I’m not sure how to reconcile the two sets of numbers (maybe Mystery Pollster or the aptly named Sean Trende can help).  You’d think the contrasting results mean that voters who care about the issue are affected differently than voters who don’t care. That can’t be good news for the president, unless most of 11% who are favorably moved are previously undecided swing voters while the bulk of the 27% who are repelled were all voting against Obama anyway. Are such differentials possible? Maybe–if anti-Obama voters care much more about opposing immigration amnesties than pro-Obama voters care about supporting those policies. A sub issue: How do voters who would never vote for Obama answer the question? Do they say his immigration decision didn’t affect them (since their chance of supporting him was zero anyway)? Or do they say it made them “less likely” on the grounds that it reduced the infinitesimal chance that they’d support him even further, to half an infinitesimal chance? I assume the latter, but does anybody know?

A simpler question is why the Quinnipac people don’t even mention the more likely/less likely question (or the discordant answer) in their otherwise detailed write-up of the poll. If the question means anything, it complicates the “good news for Obama” story. If it doesn’t mean anything, why did they ask it? … Sneaking suspicion: They included it in the 12 questions asked because they were fishing for an answer they didn’t get. …

Update: The crosstabs (available at the bottom of the Quinnipiac write-up) offer support for both the pro-Obama and anti-Obama readings. Yes, GOPs tend to care more about this issue–in Ohio, fully 49% of Republicans said they were now less likely to vote for Obama, while only 20% of Dems said “more likely.” On the other hand, among independents (a category that presumably includes lots of swing voters) “less likely” beat “more likely” by 26% to 10%. In Pennsylvania, it was even more lopsided–32% to 10% in favor of “less likely” among independents. On balance, it’s hard to see that as a political winner for Obama. …

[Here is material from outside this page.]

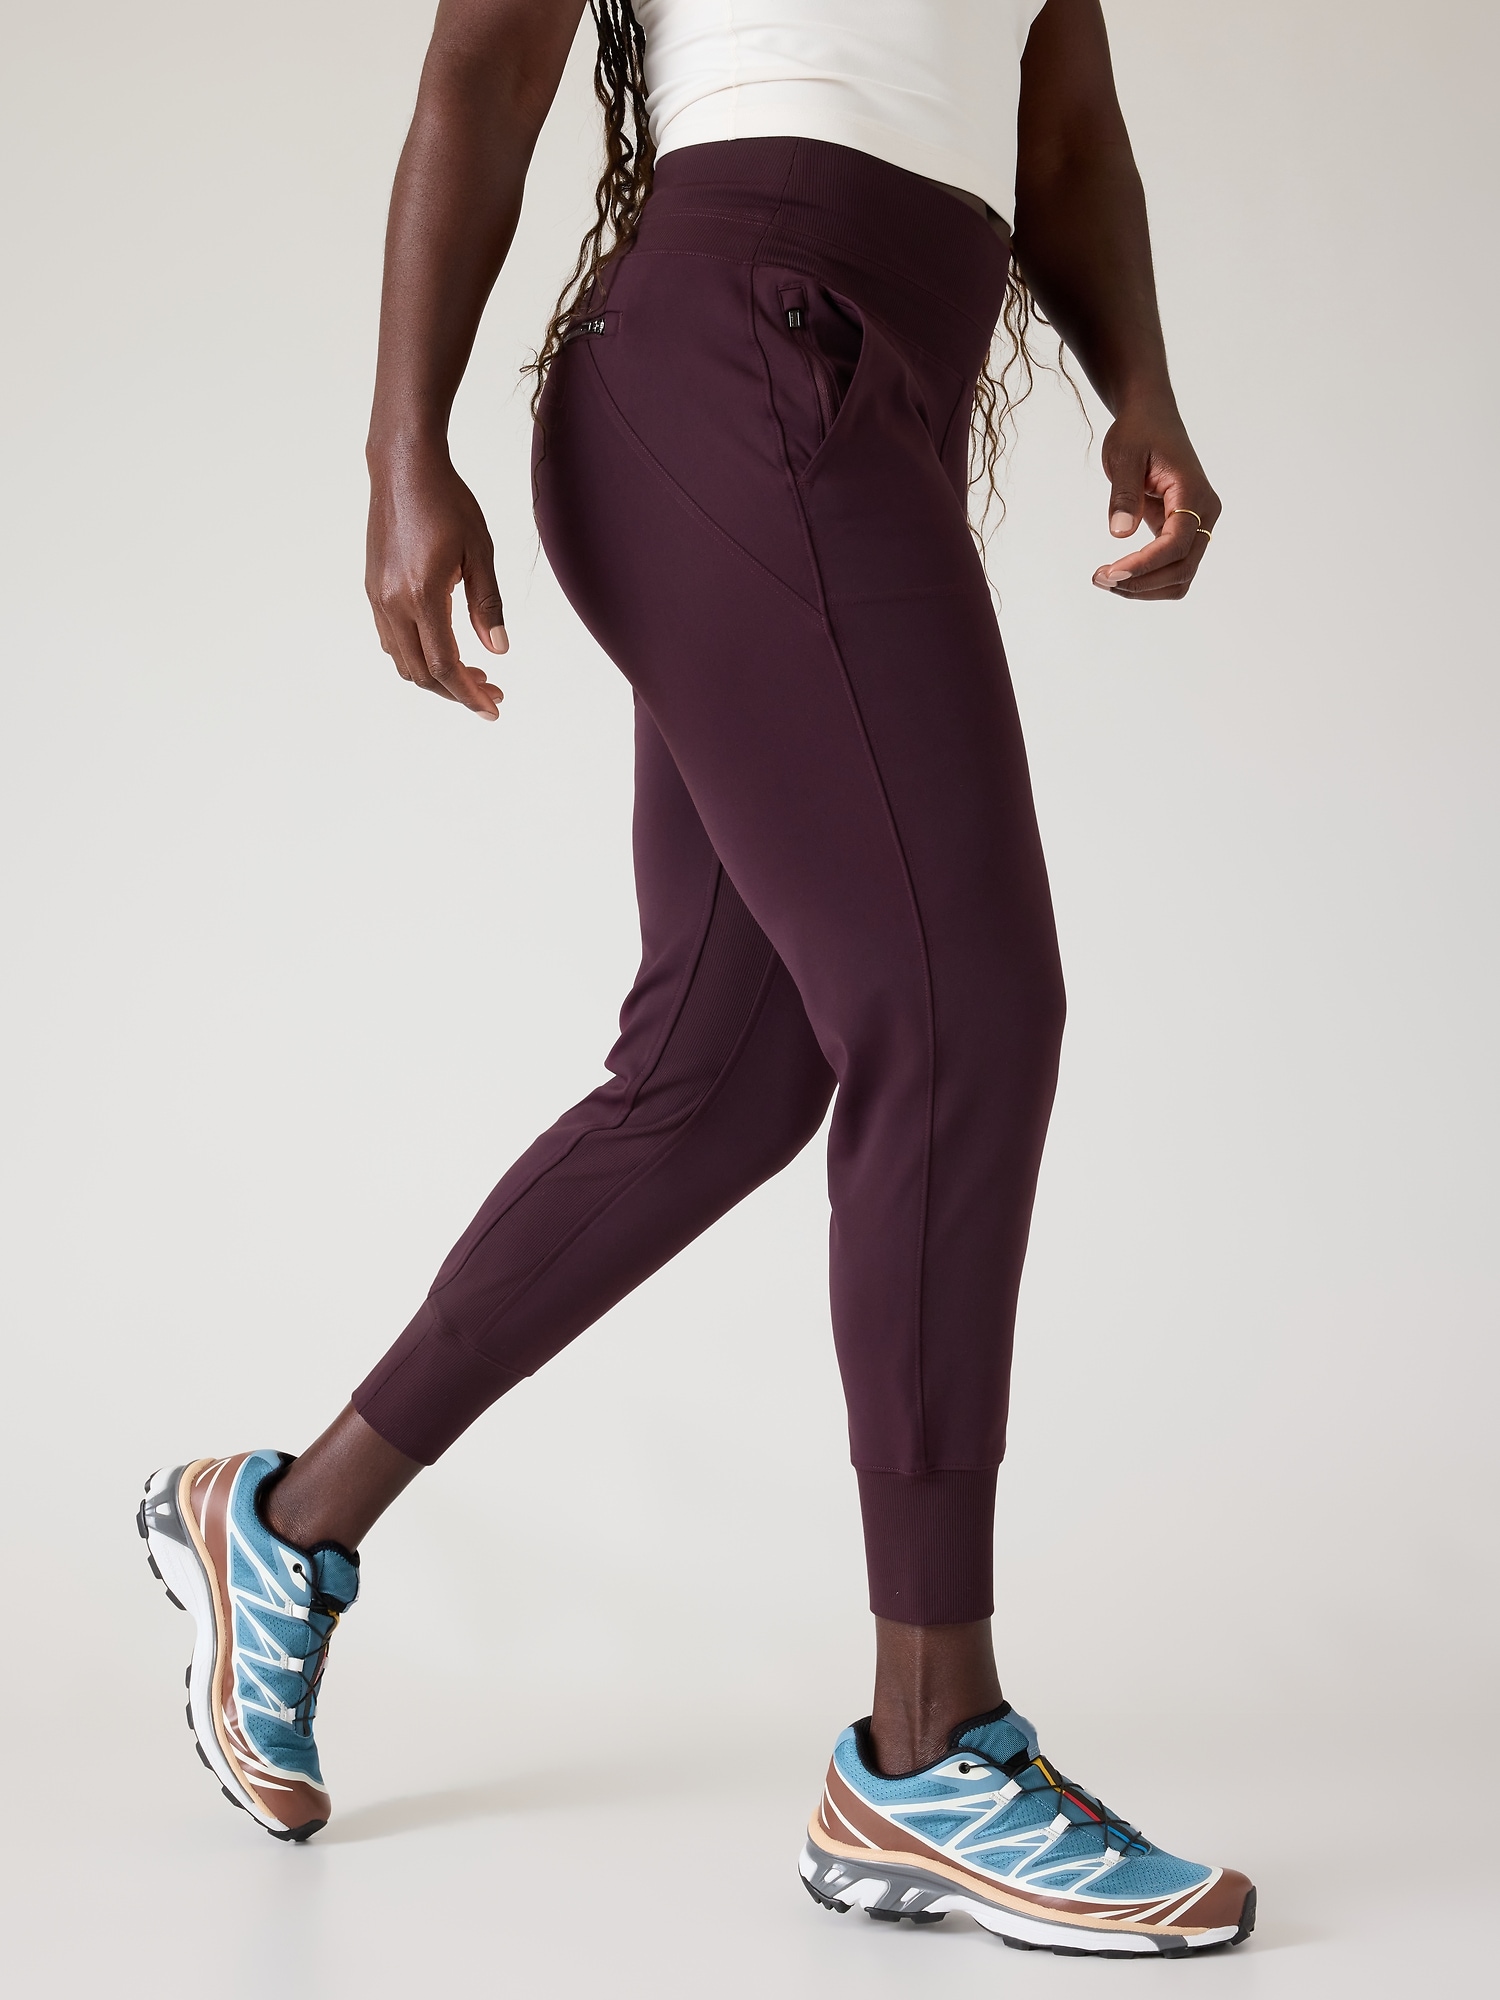 Athleta Black Venice Velvet Stripe Jogger Pants Size XS - $45 - From Madi

Journalism! Asked for comment Doug Schwartz, director of the Quinnipiac poll, responded:

We frequently ask this question about different issues.  Generally, if more than 50 percent say it won’t make a difference that is good reason not to include the result  in the press release.

Except when the issue is gay marriage, not immigration.  Then the result goes in the press release. And the headline: (“Romney Trails Obama By 5 Points In Virginia, Quinnipiac University Poll Finds; Gay Marriage Has Little Impact On Presidential Race.”)  … Sorry. I googled. It won’t happen again.